What is being asked -
Output all of the lines below exactly, and leave out each image.

*** Data below ***

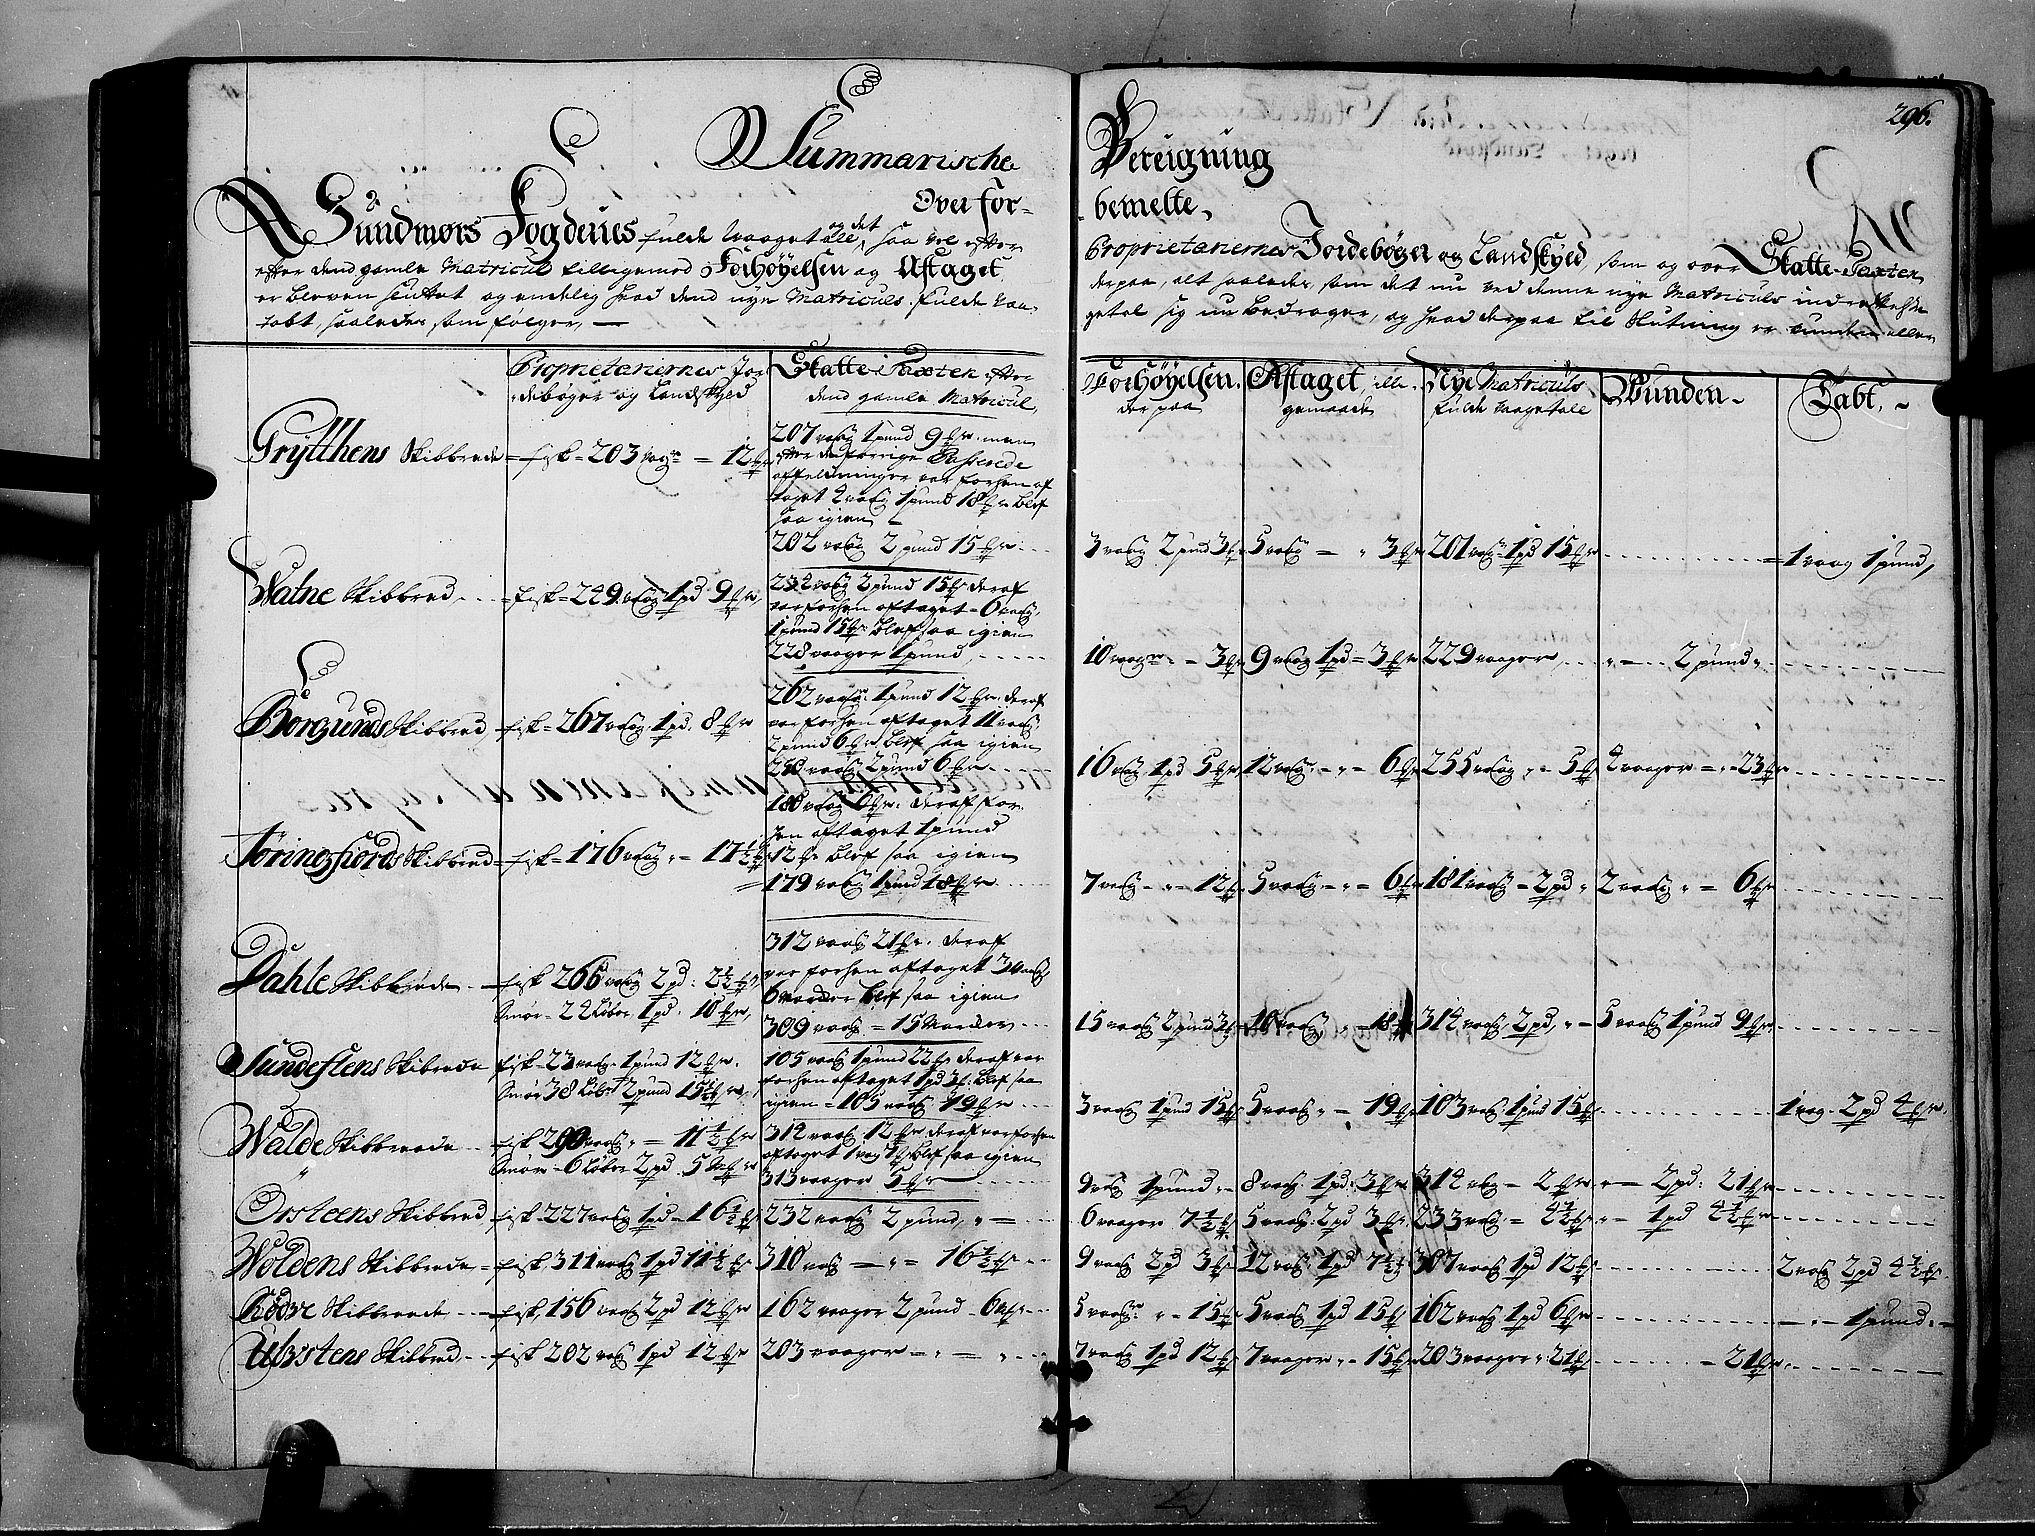 RA, Rentekammeret inntil 1814, Realistisk ordnet avdeling, N/Nb/Nbf/L0150: Sunnmøre eksaminasjonsprotokoll, 1724, s. 295b-296a
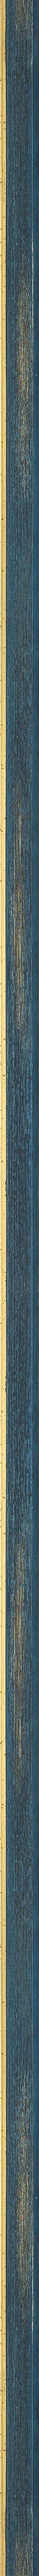 CONTEMPORARY HANDMADE BLUE FRAME frame
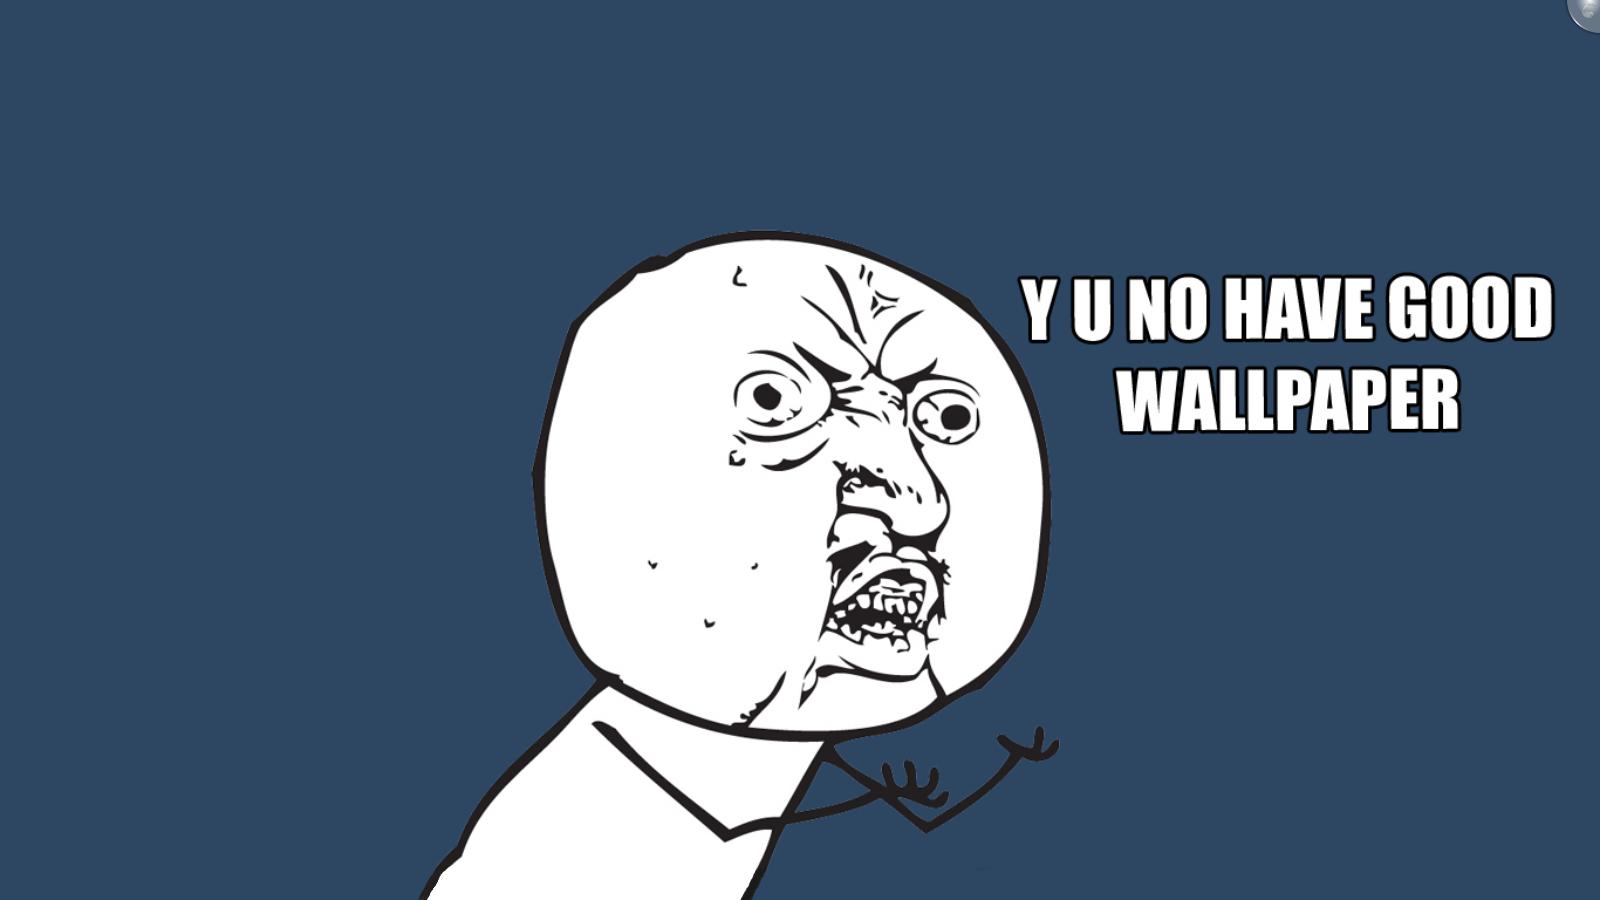 Funny Computer Backgrounds Meme : Hd meme wallpaper wallpapersafari

*** End of Data below ***

Response for this exercise -
 RA, Rentekammeret inntil 1814, Realistisk ordnet avdeling, N/Nb/Nbf/L0150: Sunnmøre eksaminasjonsprotokoll, 1724, s. 295b-296a
 CONTEMPORARY HANDMADE BLUE FRAME frame
 Funny Computer Backgrounds Meme : Hd meme wallpaper wallpapersafari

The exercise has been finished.